Github项目地址：https://github.com/792450735/wc

PSP表格：

PSP2.1表格[1]

PSP2.1	PSP阶段	预估耗时（分钟）	实际耗时（分钟）
Planning	计划	15	20
· Estimate	· 估计这个任务需要多少时间	870	1090
Development	开发	800	1040
· Analysis	· 需求分析 (包括学习新技术)	90	90
· Design Spec	· 生成设计文档	30	30
· Design Review	· 设计复审 (和同事审核设计文档)	10	10
· Coding Standard	· 代码规范 (为目前的开发制定合适的规范)	10	10
· Design	· 具体设计	90	70
· Coding	· 具体编码	500	700
· Code Review	· 代码复审	50	60
· Test	· 测试（自我测试，修改代码，提交修改）	50	60
Reporting	报告	70	50
· Test Report	· 测试报告	20	20
· Size Measurement	· 计算工作量	20	10
· Postmortem & Process Improvement Plan	· 事后总结, 并提出过程改进计划	30	20
	合计	885	1110

解题思路：

拿到题目后，首先看大致的需求：

基本功能

wc.exe -c file.c //返回文件 file.c 的字符数

wc.exe -w file.c //返回文件 file.c 的单词总数

wc.exe -l file.c //返回文件 file.c 的总行数

wc.exe -o outputFile.txt //将结果输出到指定文件outputFile.txt

扩展功能

wc.exe -s //递归处理目录下符合条件的文件

wc.exe -a file.c //返回更复杂的数据（代码行 / 空行 / 注释行）

wc.exe -e stopList.txt // 停用词表，统计文件单词总数时，不统计该表中的单词

大致明确了要求，需要用java语言编写，需要学习：java如何对文件进行操作[2]；java的基本语法；java对字符、字符串、数组等的操作[3]；将程序打包成.exe文件并将配置环境打包进去[4]等。

程序设计实现过程：

首先决定把功能分为三块：计算字符数、单词数、总行数和停用词放在一块（wc（））；-a功能另放一块（hard（））；-o功能也一块（oout（））。

可以把程序只用一个主类，上面三块为类里的三个方法，并且由于方法之间需要数据通信，所以将记录的数据设为public static，并且另写一个初始化函数init（），当读多个文件时，每读一个后，重新初始化数据。

代码说明：

关键代码分为三个核心方法，一个初始化方法，一个main函数。

主类里的数据申明：

public static int words=0;//单词数

public static int lines=1;//行数

public static int chars=0,t1=0,t2=0,t3=0;//t1,t2,t3分别为代码行，空行，注释行

public static ArrayList<String> fname=new ArrayList<String>();//一个或多个要读取的.c文件组。
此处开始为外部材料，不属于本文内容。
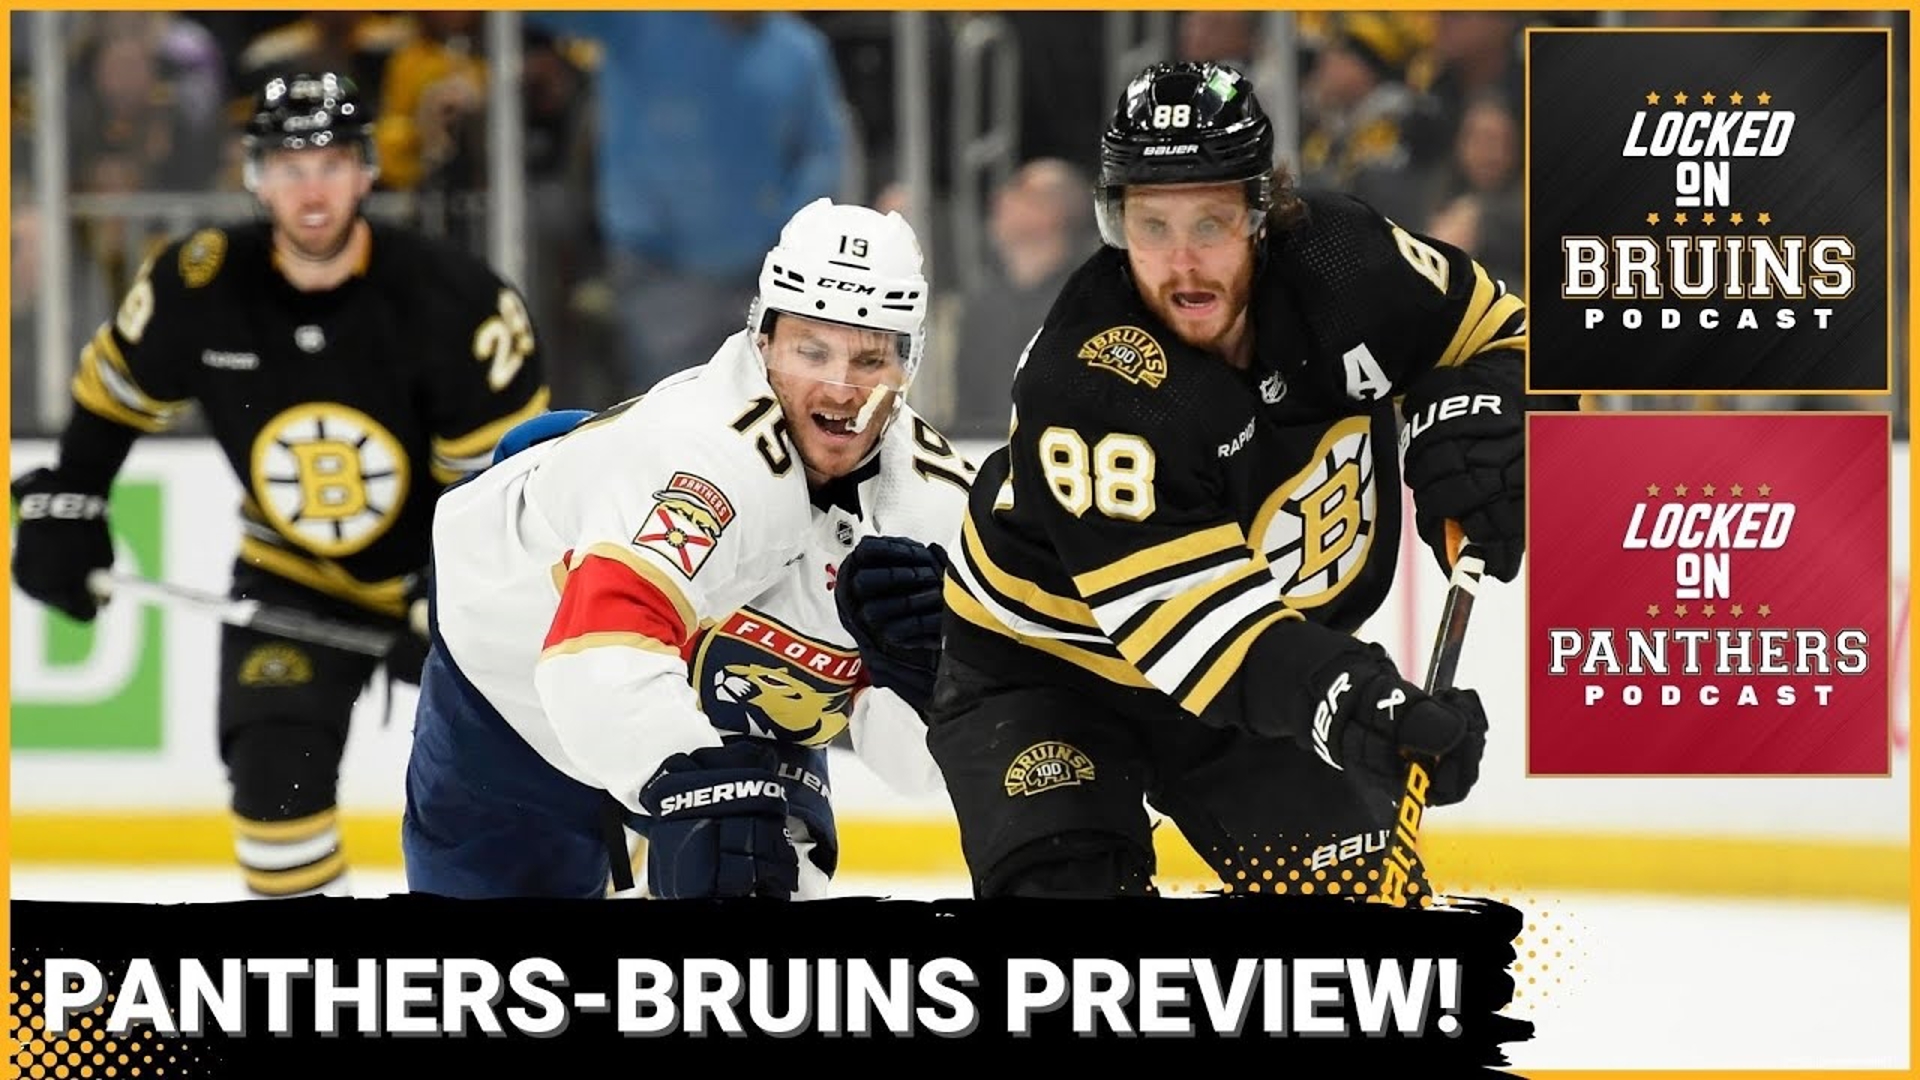 For the second year in a row, we have a playoff series between the Boston Bruins and the Florida Panthers.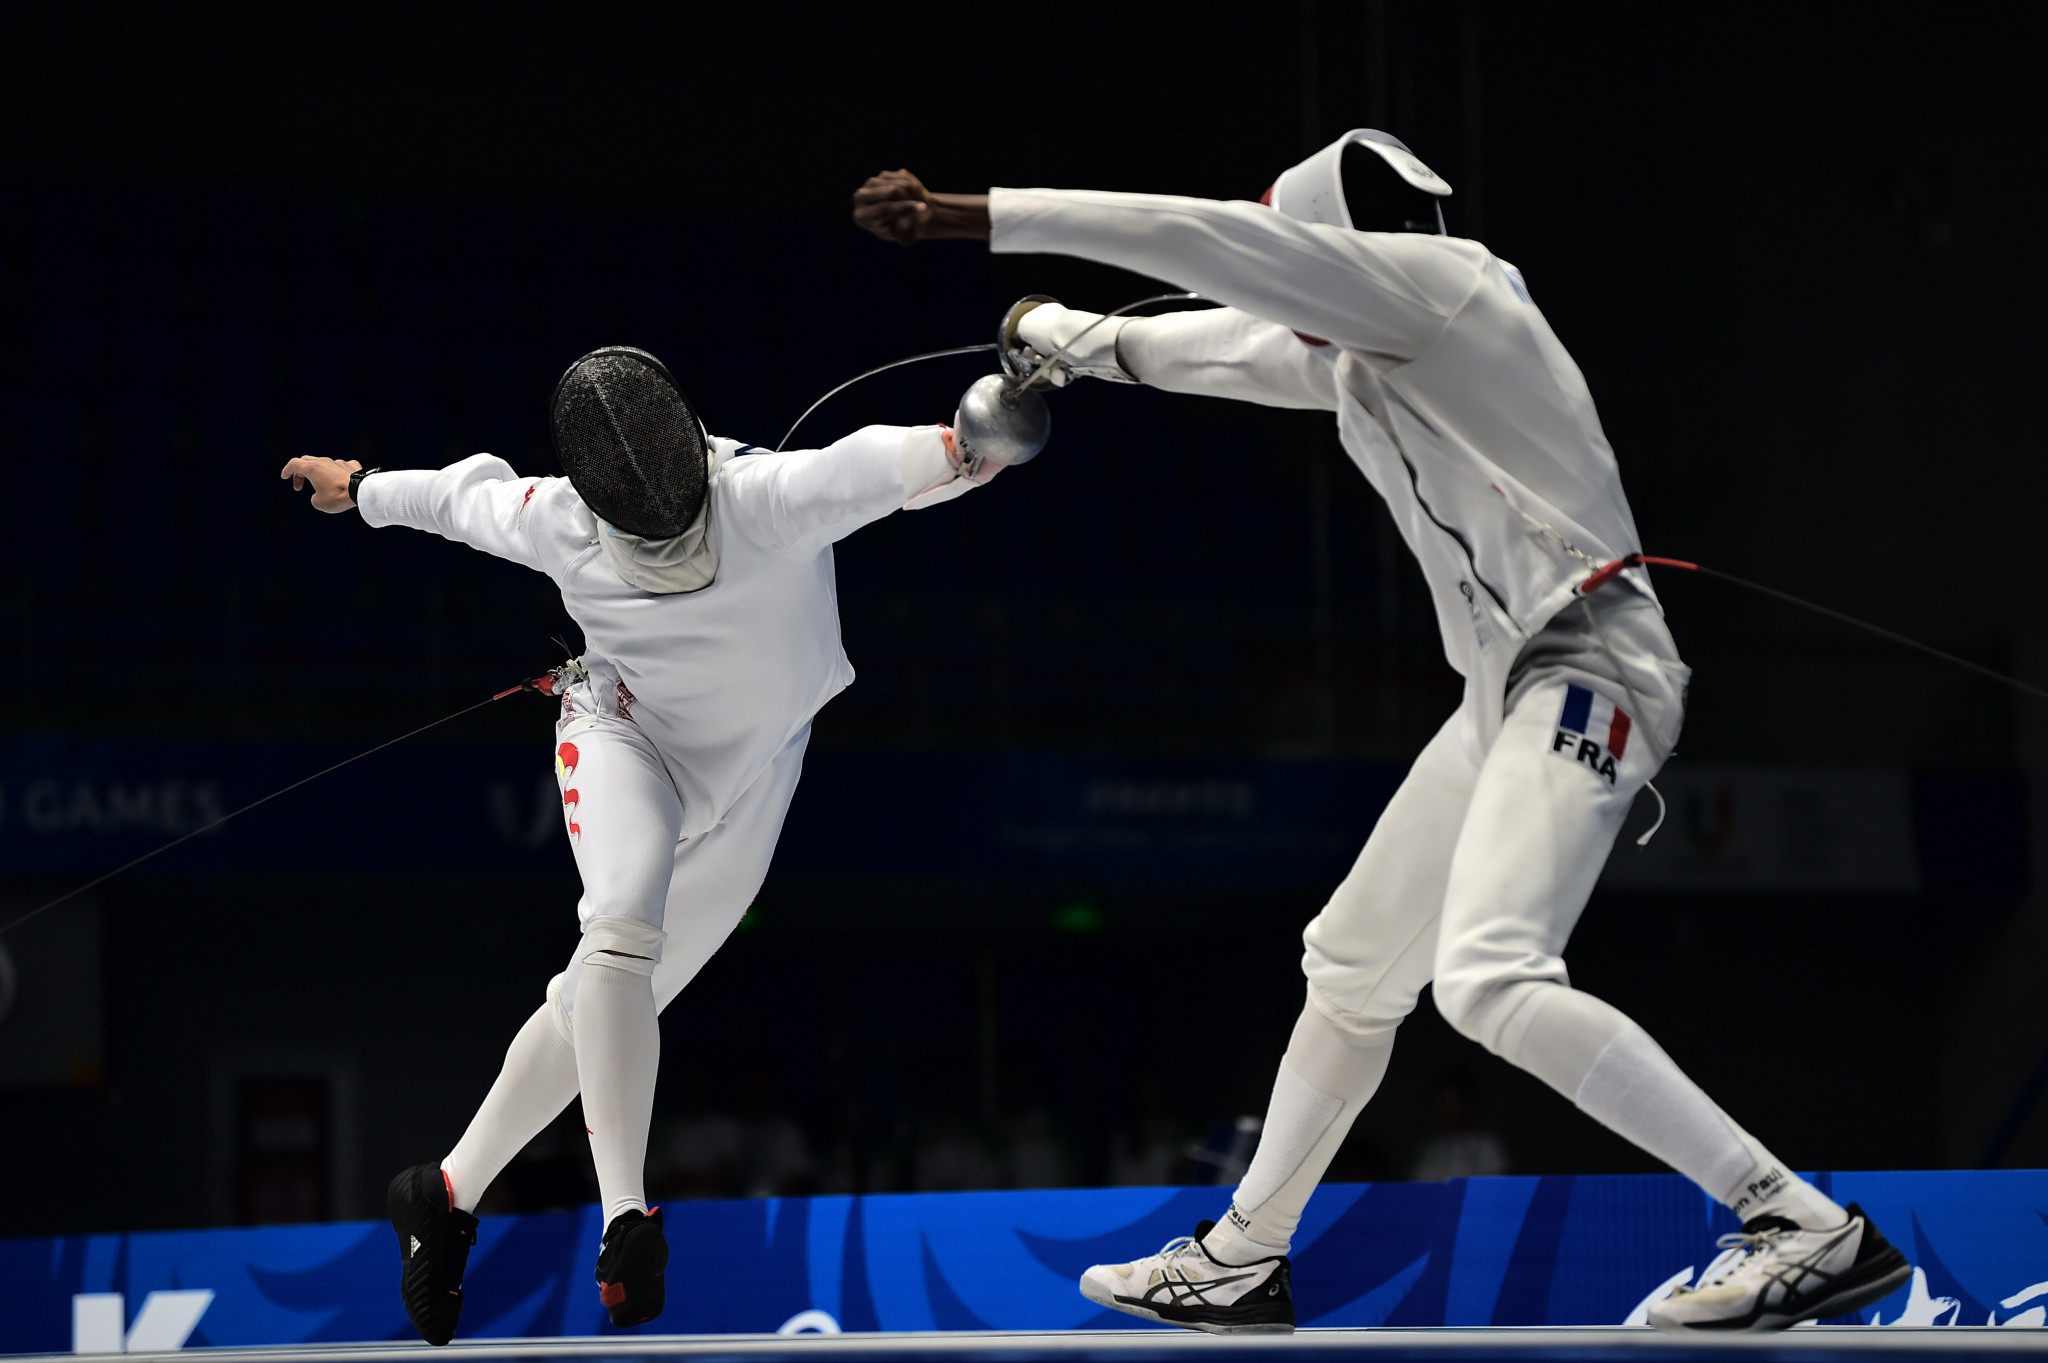 Lan Minghao, left, of China and Kendrick Jean-Joseph of France fight during the men’s fencing epee team gold medal match ©FISU

public static String outname="result.txt";//输出文件的文件名

public static String stopList;//停用词表

main函数中：通过设一个flags数组来记录用户输入的命令，然后根据数组来确定调用哪些函数，同时也将命令按指定的顺序排列好，可以处理用户的乱序输入。

int[] flags=new int[]{0,0,0,0,0};

for(int i=0;i<args.length;i++){

if(args[i].equals("-c"))

flags[0]=1;

if(args[i].equals("-w"))

flags[1]=1;

if(args[i].equals("-l"))

flags[2]=1;

if(args[i].equals("-a"))

flags[4]=1;

if(!args[i].equals("-c")&&!args[i].equals("-w")&&!args[i].equals("-l")&&!args[i].equals("-o")&&!args[i].equals("-a")&&!args[i].equals("-e")&&!args[i].equals("-s")){

fname.add(args[i]);

}

if(args[i].equals("-o")){

outname=args[++i];

}

if(args[i].equals("-e")){

stopList=args[++i];

flags[3]=1;

}

函数public static void wc(String ff,int[] use)计算字符数，单词数，行数，包括停用词表。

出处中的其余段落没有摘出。